The Boko Haram sect has killed 2,800 people since 2009, the Human Rights Watch, a non-governmental organisation (NGO), has said.
The group said this on Thursday, listing widespread poverty, corruption, police abuse and impunity as causes of crises in the country, creating a fertile ground for militancy.
The African Director of Human Rights Watch, Mr Daniel Bekele, made this known at the launching of a report in Lagos on Thursday, urging the government to bring to justice the Boko Haram suspects.
The 98-page report, entitled, ‘Spiraling Violence: Boko Haram attacks and security force abuses in Nigeria,’ indicted armed forces, which, it claimed, engaged in numerous abuses, including extra-judicial killings.
It also made a list of atrocities for which the Boko Haram sect had claimed responsibility, just as it explored the role of the armed forces, which alleged abuses contravened international human rights law and might also constitute crimes against humanity.
“The unlawful killing by both the Boko Haram sect and armed forces only grows worse. Both sides need to halt this downward spiral,” Bekele said.
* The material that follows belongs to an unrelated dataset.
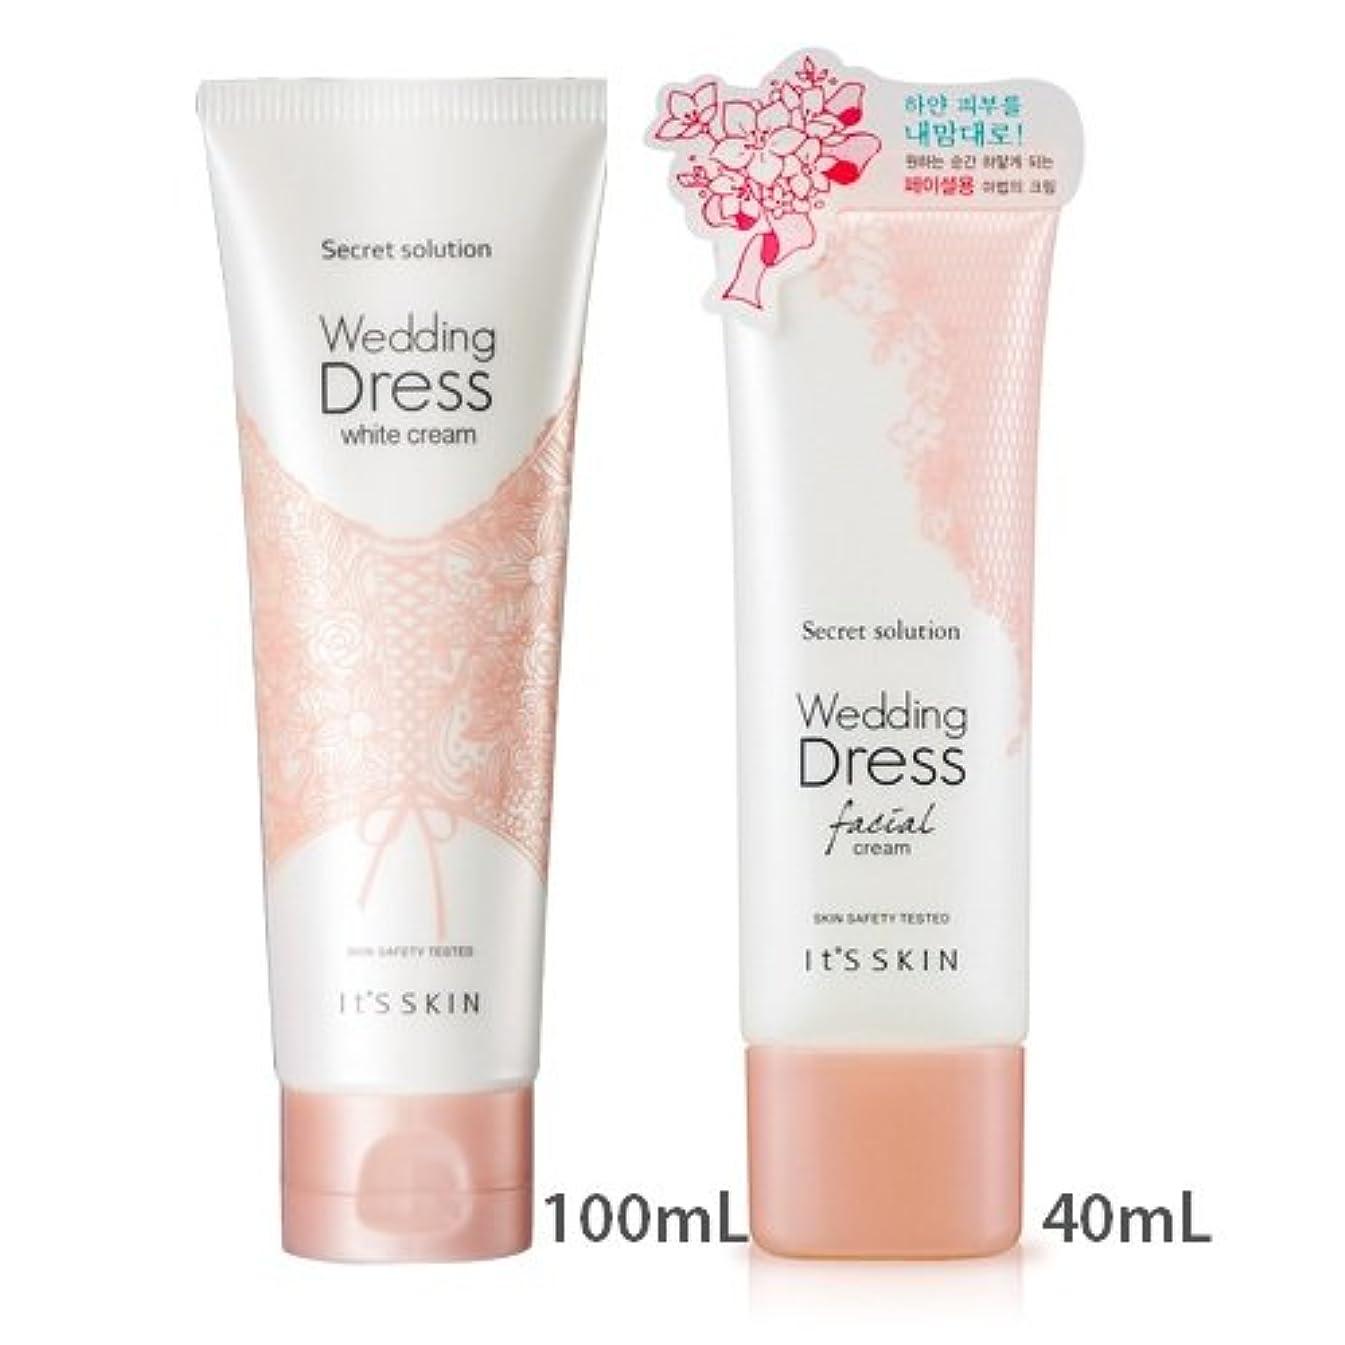 かりて動員する小道具[1+1] It's skin Secret Solution Wedding Dress Facial Cream 40mL + Secret Solution Wedding Dress Cream 100mL イッツスキン...

According to the group, the report was based on a field research conducted between July 2010 and July 2012, and continuous monitoring of media reports of the Boko Haram attacks and statements since 2009.
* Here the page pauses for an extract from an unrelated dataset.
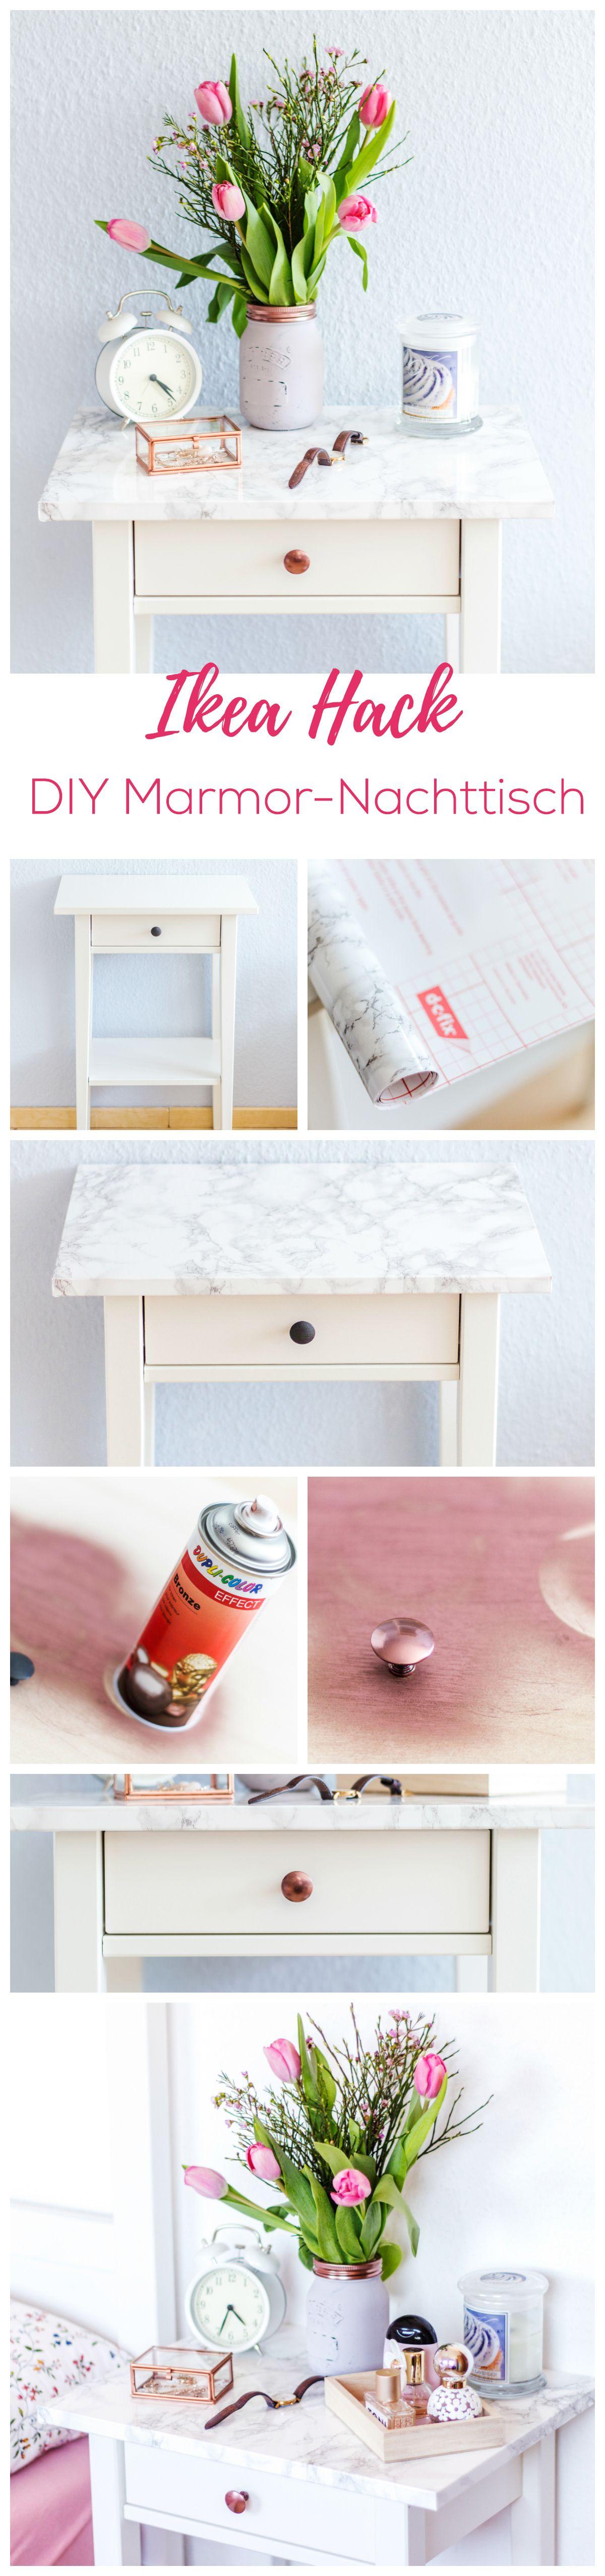 Hemnes Nachttisch ikea hack wie du einen marmortisch selbst machst marmortische

It said that its researchers interviewed 135 people, including 91 witnesses and victims of the Boko Haram violence or armed forces abuses, as well as lawyers, civil society leaders, government officials, senior military and police personnel.
The group said in the first nine months of 2012 alone, more than 815 people died in some 275 suspected attacks by the group – more than in all of 2010 and 2011 attacks combined.
HRW lamented that five days of clashes between the group and armed forces left more than 800 people dead in July 2009 and precipitated further violence.
It recalled that security personnel, in 2009, arrested and allegedly executed the group’s leader, Mohammed Yusuf, with at least several dozens of his followers in Maiduguri, adding that, “when the group reemerged in 2010, under the leadership of Abubakar Shekau, Yusuf’s former deputy, it vowed to avenge the killings of its members.”
The rights group, quoting media reports in Nigeria, said at least 211 policemen had been killed in the attacks.
The group urged the Federal Government to take urgent measures to address the human rights abuses that had fuelled militancy in the country.